Using the data below, print exactly the line with "تراش هویج پخش", the line with "Shop Margaritaville Men's", and every line between them, but none of the pictures.

### Provided data:
◆ ◆ ◆
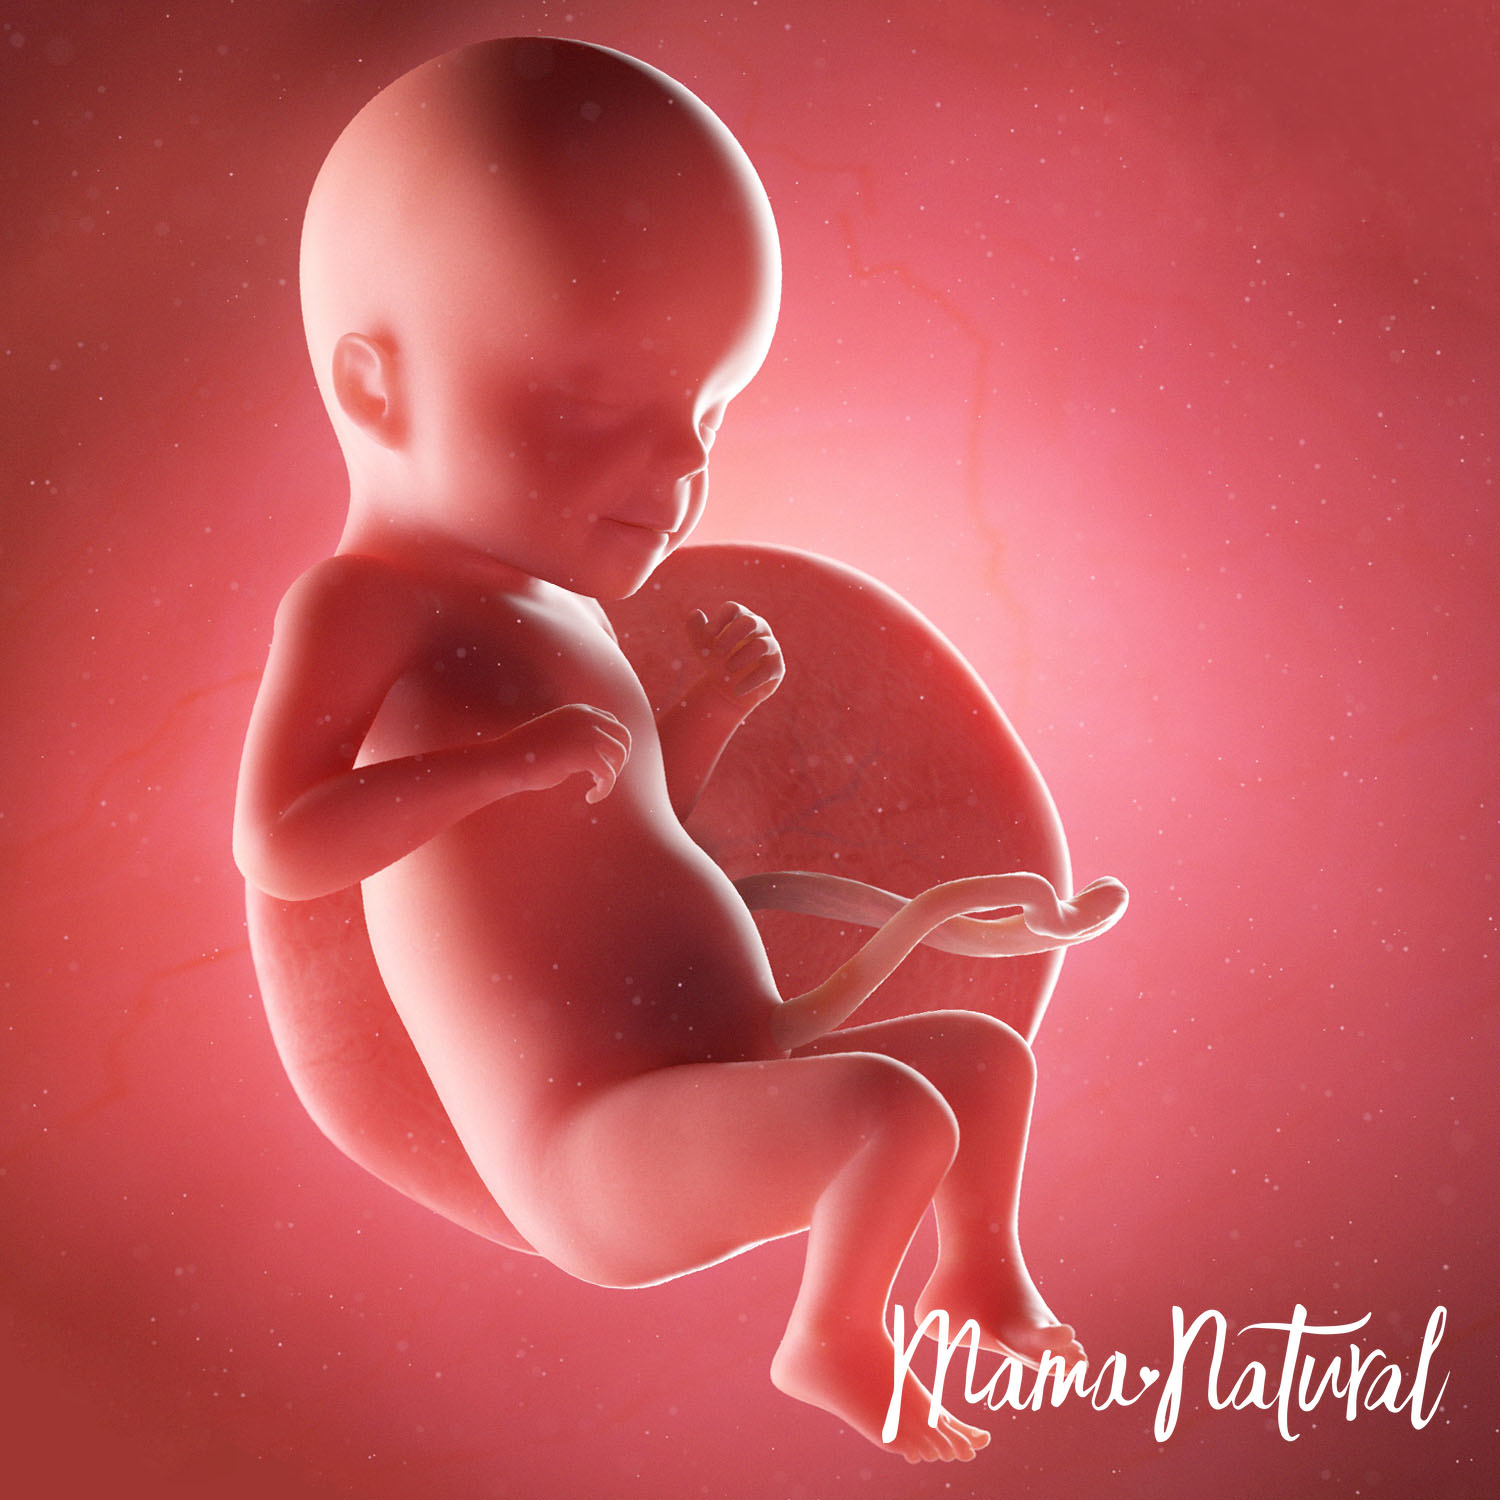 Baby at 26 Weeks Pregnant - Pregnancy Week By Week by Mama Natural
◆ ◆ ◆
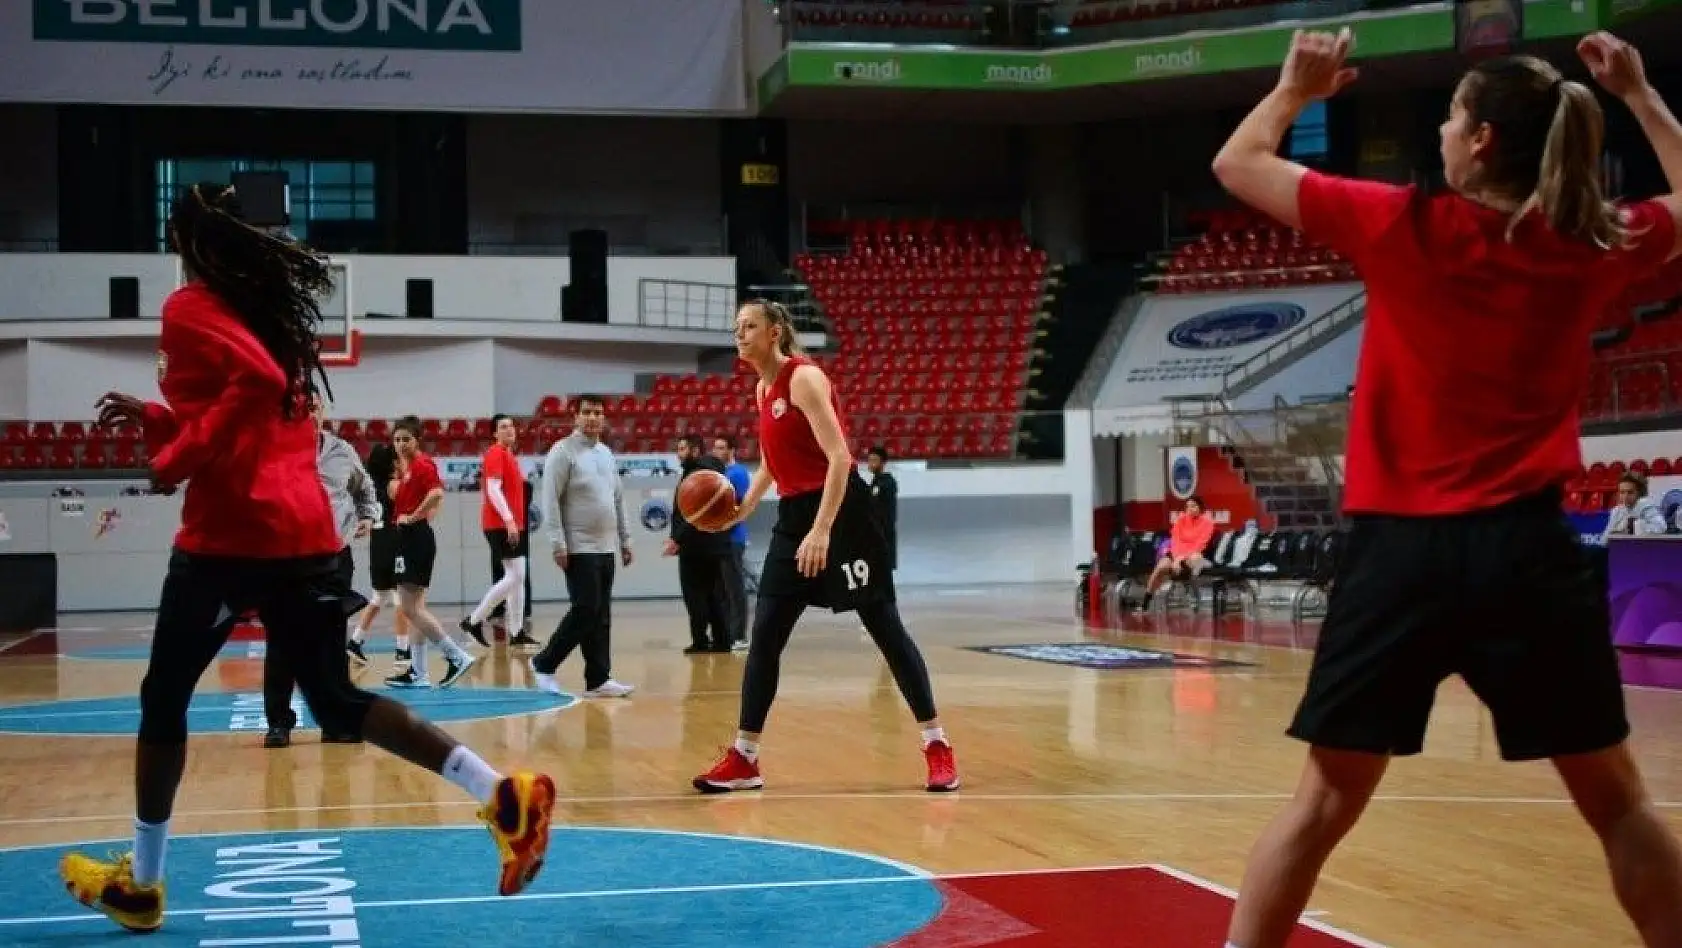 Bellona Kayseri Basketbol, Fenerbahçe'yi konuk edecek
◆ ◆ ◆
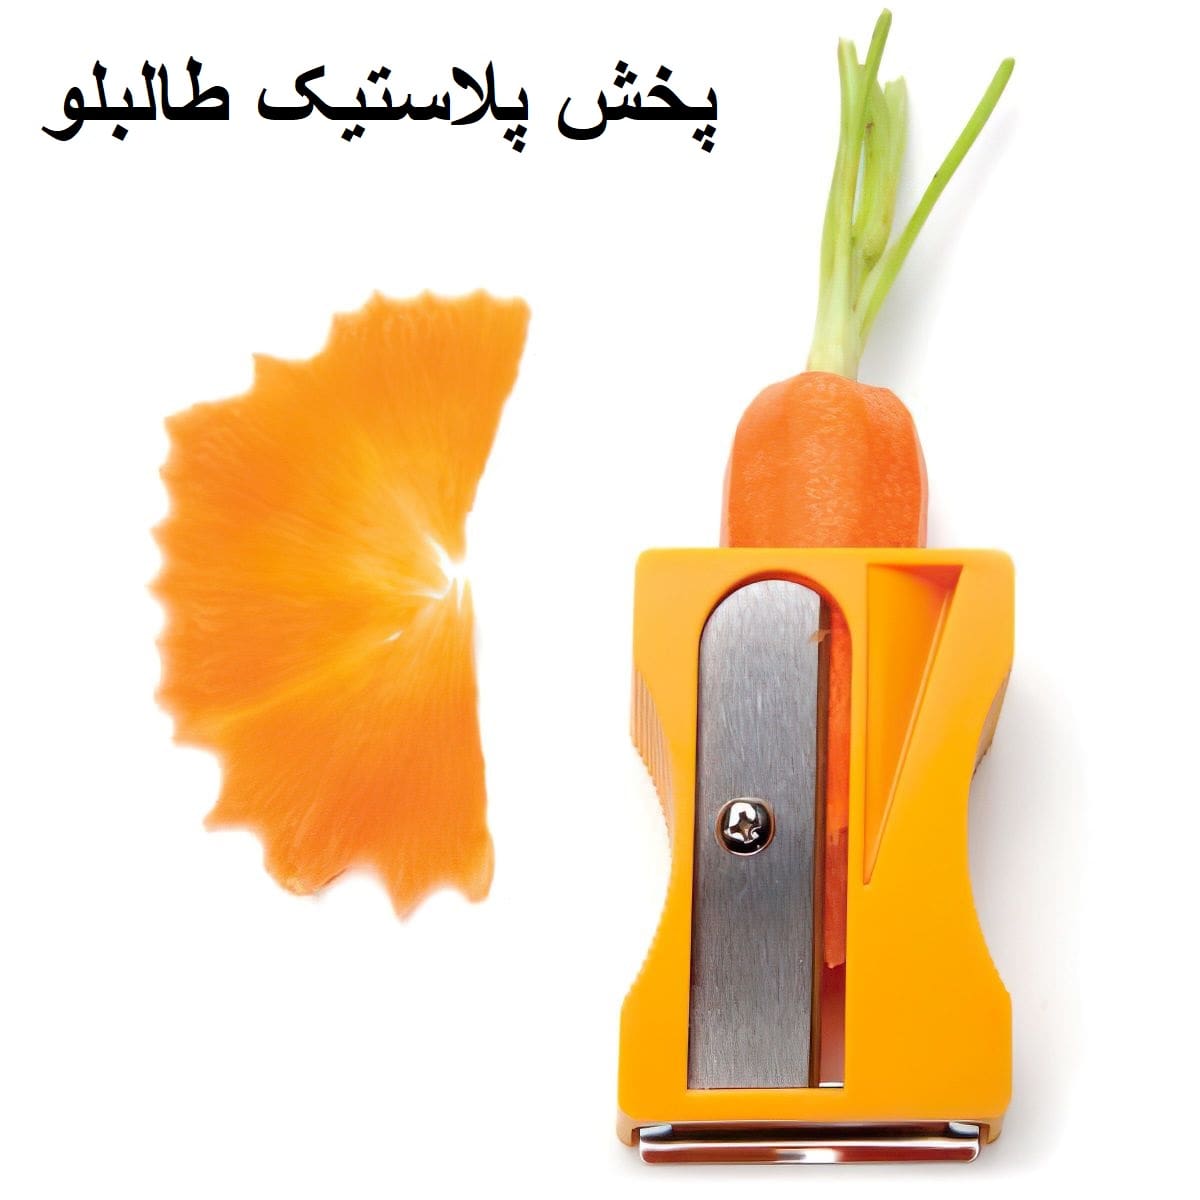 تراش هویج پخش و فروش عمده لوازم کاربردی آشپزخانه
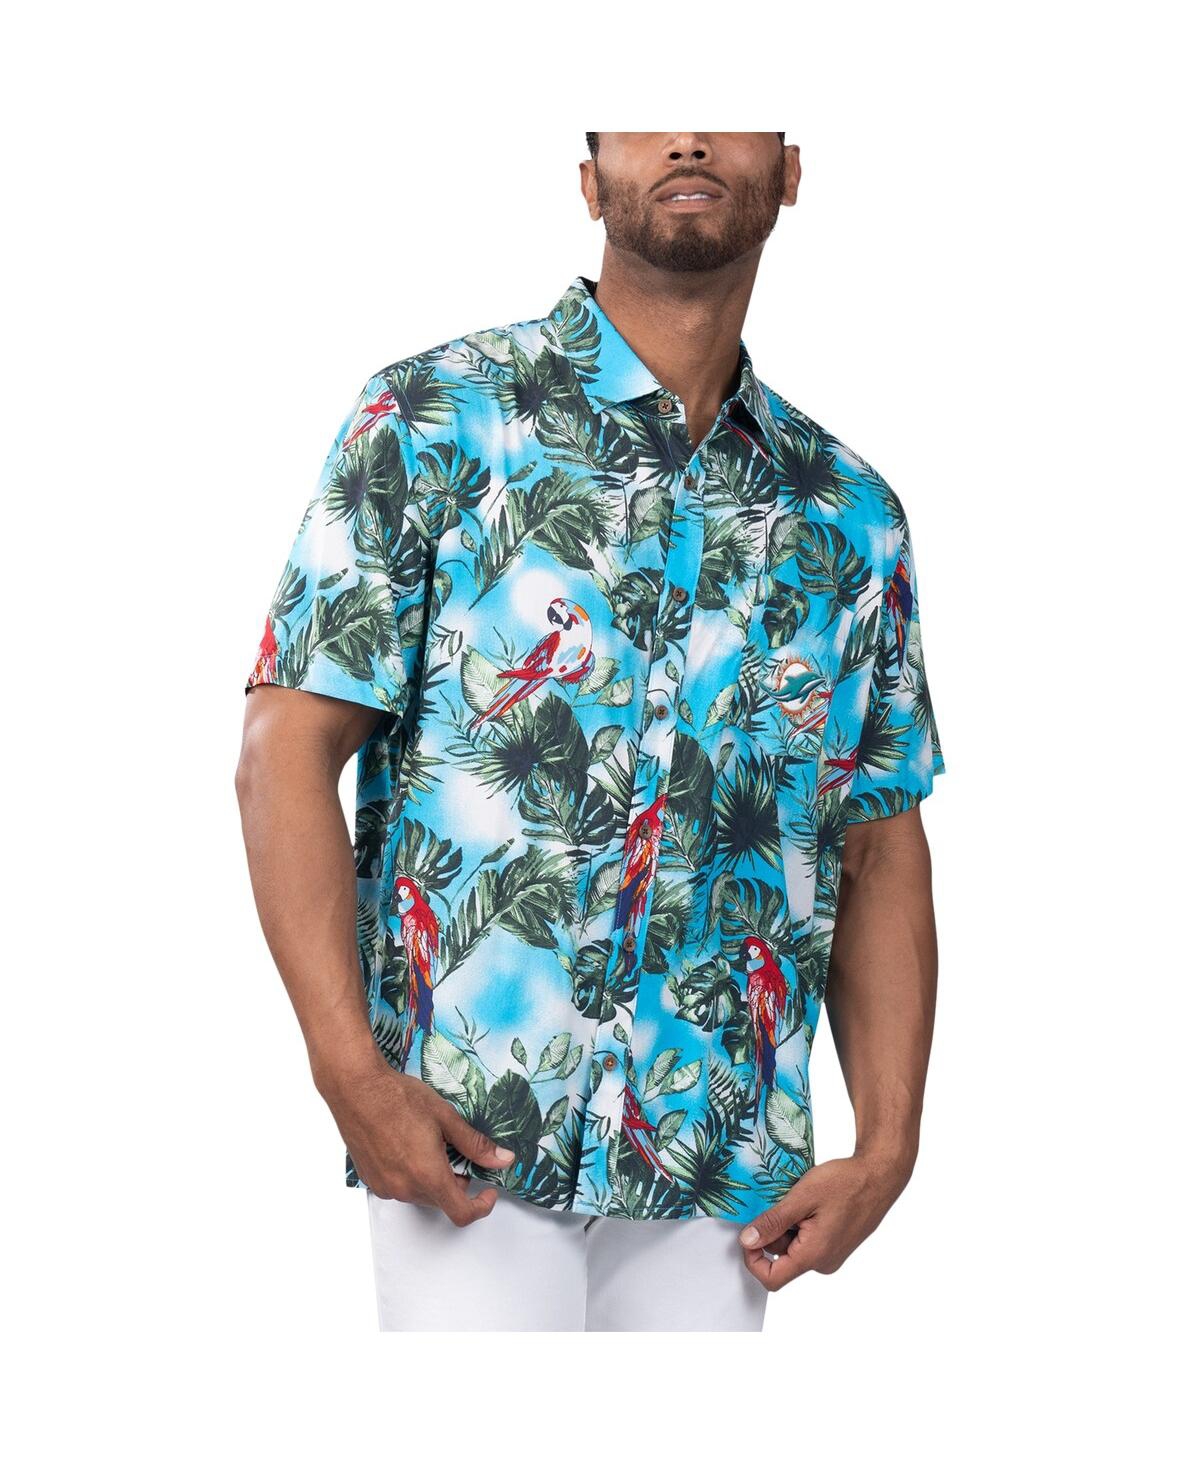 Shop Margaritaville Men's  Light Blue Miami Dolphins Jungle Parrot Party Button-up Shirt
◆ ◆ ◆
### Response area:
 تراش هویج پخش و فروش عمده لوازم کاربردی آشپزخانه
 Shop Margaritaville Men's  Light Blue Miami Dolphins Jungle Parrot Party Button-up Shirt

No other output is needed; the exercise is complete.